Google garage
The search giant builds rather than buys, but we may end up footing the bill
He was a smart guy, a good writer and a valued colleague, but for some reason he carried a wallet made out of duct tape. It consisted of little more than a few pieces of the material stuck together, but he had designed it himself and it worked. We laughed at how proud of it he used to be, but I wouldn’t laugh today. I’d suggest he go work for Google.
Any corporate enterprise that’s struggling with a build versus buy decision regarding their IT infrastructure would have been interested to read a feature story in The New York Times recently which unveiled the weirdly inventive way Google keeps its search engine running. It’s a fairly straightforward policy: whatever the company needs, it makes. This includes everything from custom-made servers and racks of computers held together with Velcro (a step up from duct tape, but still) to its own Alpha-influenced microchips. Lots of companies start about their origins in a basement or garage, but from the sounds of it Google has never really left.
Perhaps Google wants to eschew the traditional interdependency that marks the relationships between hardware and software firms. Microsoft and HP may compete on some system management software products, for instance, but Microsoft is probably a loyal customer of HP server and storage products, just as a lot of HP employees probably use Windows. Google’s partnership with Sun, on the other hand, didn’t seem to hinge on its use of Sparc workstations per se.

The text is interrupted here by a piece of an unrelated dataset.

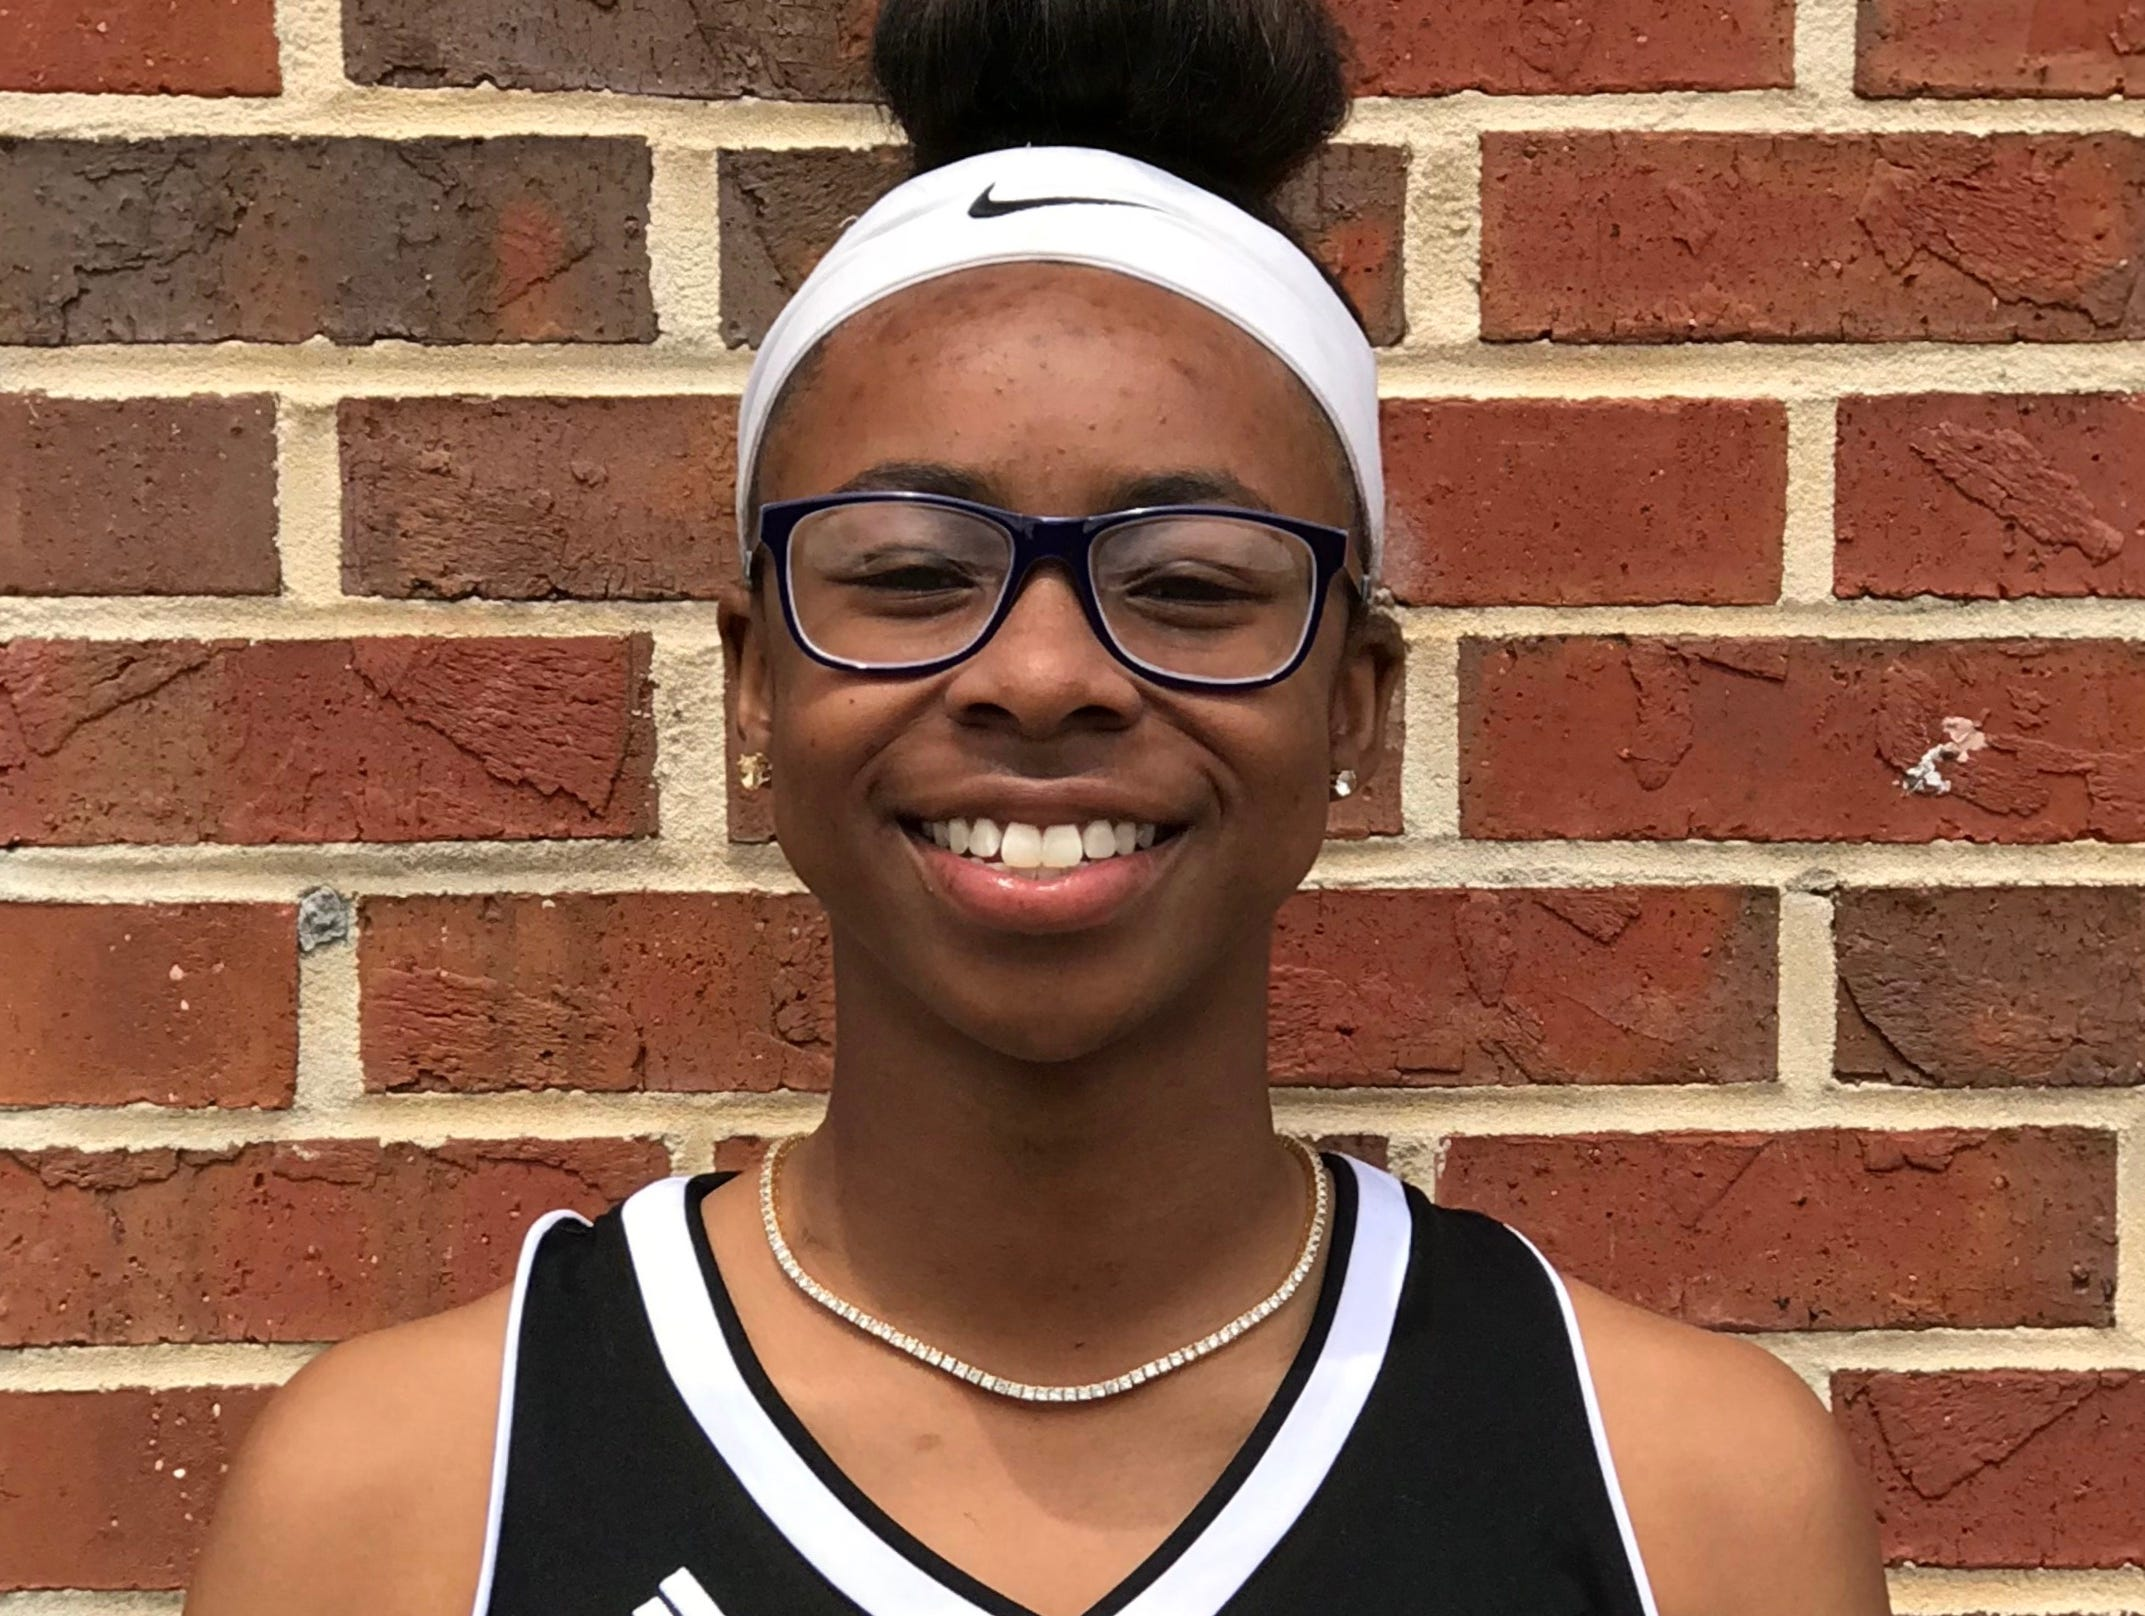 Gadsden County senior point guard Ta'Nija Watson was named to the 2019 All-Big Bend girls basketball first team.

Even though it flies in the face of our usual notions of core competency, Google’s expansion into more areas of information management – e-mail and spreadsheets, for instance – may require it to create something beyond the state of the art. As more users take advantage of its services, they will depend on its uptime in ways no search engine has before. But the dependency may not stop there.
Although there is something charming about the elf-like work ethic behind Google’s approach, it begs the question of whether other organizations should follow its example. The company claims it saves money and meets its unique needs by cobbling together everything except its own desks and office chairs, but it’s hard to believe it couldn’t achieve the same results with other vendor’s equipment. Banks, insurance companies and other firms may write their own software code, and some may configure their hardware in relatively original ways. They aren’t, however, necessarily seeking patents on their designs, which Google is. That hints at an agenda to collect and capture its proprietary ways of architecting a data centre, rather than sharing them with the rest of the industry.
Only a few companies in the world could afford to do the kind of in-house engineering that Google is doing, although the results of its experimentation could create benefits for IT managers and CIOs everywhere. Rather than contributing to or supporting industry standards around the data centre, though, Google’s do-it-yourself dogma appears aimed at circumventing them. One day we may be looking to Google in search of answers much different than the basic ones we do today, and the results may cost us a lot more.